What is the PAT?
This post tackles the hardest questions on the PAT (Physics Aptitude Test). If you don’t know what the PAT is, it “is a subject-specific admissions test, lasting for 2 hours and sat under timed conditions”. It is essentially the Oxford Admissions Test for the following courses - Engineering, Materials Science, Physics, Physics and Philosophy. It is aimed at Year 12 Students in the UK - equivalent to Grade 11 in the USA and it is an extremely difficult admissions test. There is normally a cut-off mark for the test, resulting in the top 30% moving onto the interview stage.
Now, if you aren’t planning to sit the PAT, then this is still a very useful post for anyone who is studying Physics and Maths at High School. The test is arguably one of the most difficult University admissions tests out there and thus it is a great challenge for any budding physicists.
In this post, we will tackle the most recent admissions test cycle - PAT 2019. According to Oxford’s annual report on the PAT, for the 2019 admissions cycle, the mean mark was 41.45% (equivalent to approximately 41 raw marks on the paper) with a standard deviation of 16.76%. Thus, in order to have a good shot at admissions, one should be looking at a score greater than 50 marks.
The 2019 PAT was objectively harder than the 2018 PAT. Normally, the mean mark increases year on year; however, this year was an outlier. The mean mark for the PAT 2018 was 52.1%, about 10.7 percentage points higher than the mean mark of the 2019 PAT. But, not every question on the PAT is worth doing when you are revising as they can get quite repetitive. Moreover, the later questions, e.g. question 20, are not necessarily the most challenging to do. Thus, I have decided to create a post series on the biggest curveballs on each PAT, starting with 2019.
Question 14:
As you should be able to tell, this question tackles radioactive decay, which is a topic within nuclear physics. If you aren’t familiar with this topic, Hassan Bajwa has written a beautiful blog post on it, which can be found through this link: https://www.onlyphysics.org/post/a-level-aqa-nuclear-physics-notes-2.

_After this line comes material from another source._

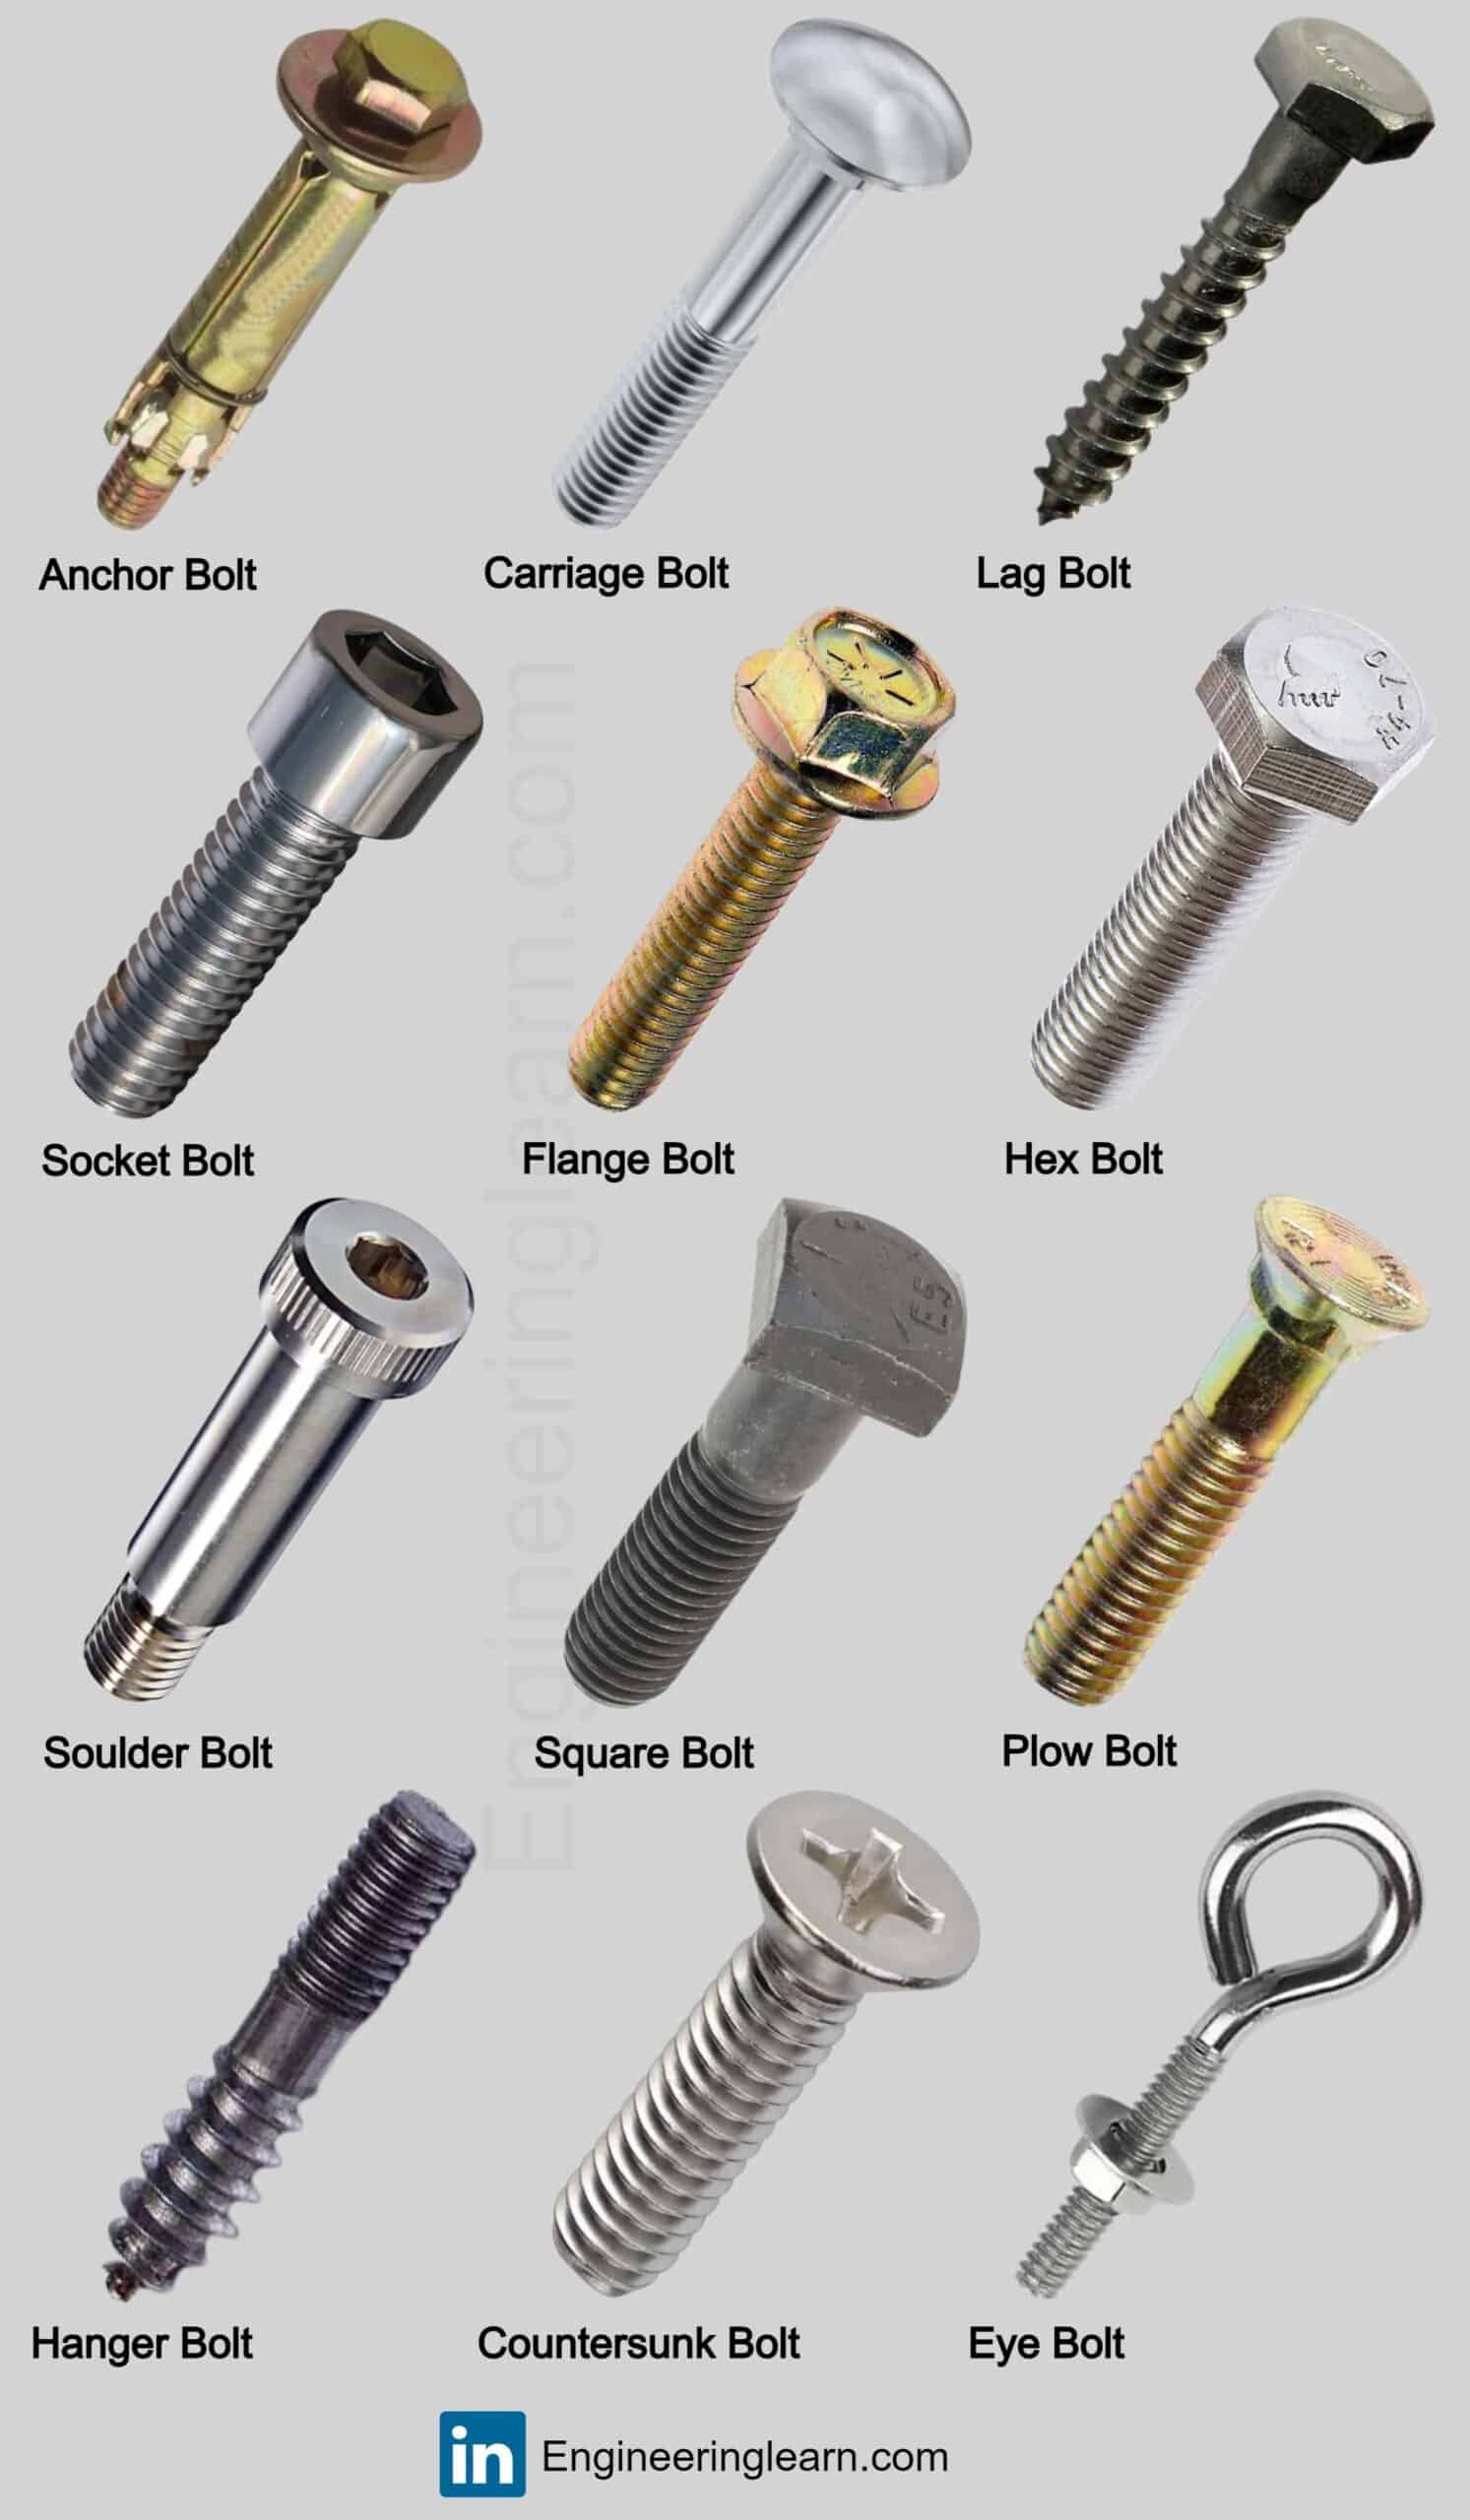 https://engineeringlearn.com/wp-content/uploads/2020/12/Types-of-Bolts-scaled.jpg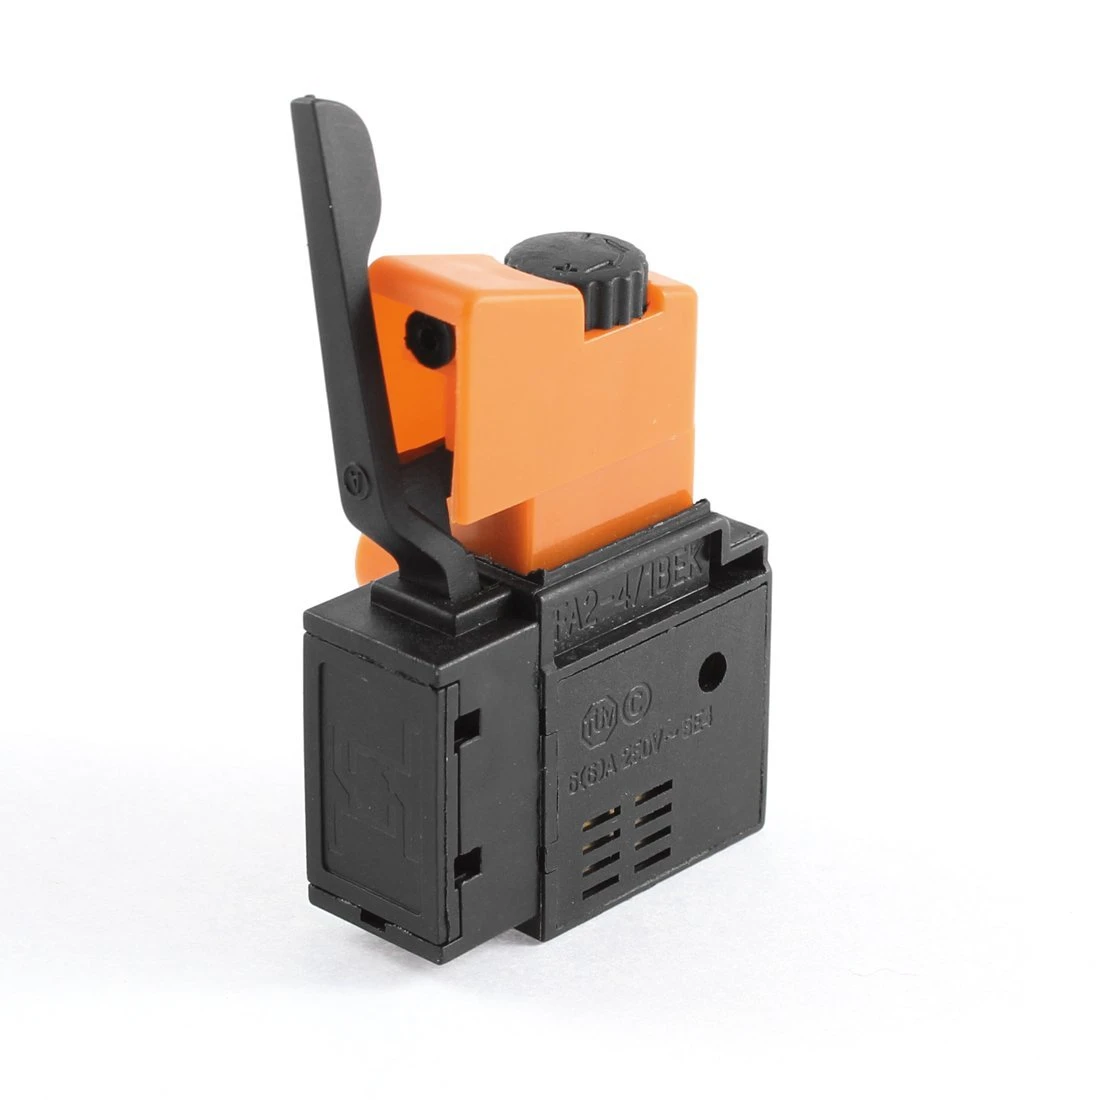 1PC AC 250V/4A FA2-4/1BEK FA2-6/1BEK Adjustable Speed Switch For Electric Drill Trigger Switches High Quality

This question is not the most difficult in the conventional sense; however, it does become very fiddly and challenging as you progress through the question parts. So, let’s begin.
Part a:
At one half life, half of the initial number of atoms would have decayed. Thus, we can substitute in the fact that there are Na0 / 2 atoms remaining after one half life has elapsed. From here, we can simply use algebraic manipulation as well as logarithms to find an expression for λ in terms of the half life. I have included the workings below. This would be considered an easy PAT question part, so let’s not get too excited just yet.
Part b:
The key to this part of the question is that isotope B is stable and will therefore not undergo nuclear decay. In order to determine how many B atoms are present at any point - Nb(t) in other words - we must consider two separate variables. Firstly, we know that the initial number of B atoms is Nb0, which is a constant. However, the current number of B atoms increases depending on how many A atoms have decayed. The value of Na(t) states the number of atoms of A left after a time t - we have been told this in the question. Thus, the number of A atoms that have decayed is simply the initial number minus the current number, or, in mathematical terms, Na0 - Na(t). We can therefore use our expression for Na(t) to simplify this more neatly. I have included an image of this below.
Part c:
This question part stated “at the start there are x times as many A atoms in the sample as there are B atoms.” Using this key piece of information, we can state that Na0 = xNb0. Note the use of Na0 and Nb0 respectively as this is the ratio relationship at the very start - before any radioactive decay has occurred. When this ratio is reversed, the following equation must be true: Nb(t) = xNa(t).
From here, we can substitute in our two respective expressions for Nb(t) and Na(t). We must also use the fact that xNb0 = Na0 as our second equation. This will allow us to simplify the original equation and arrive at a very neat expression for the time taken - t - for the ratio to be reversed.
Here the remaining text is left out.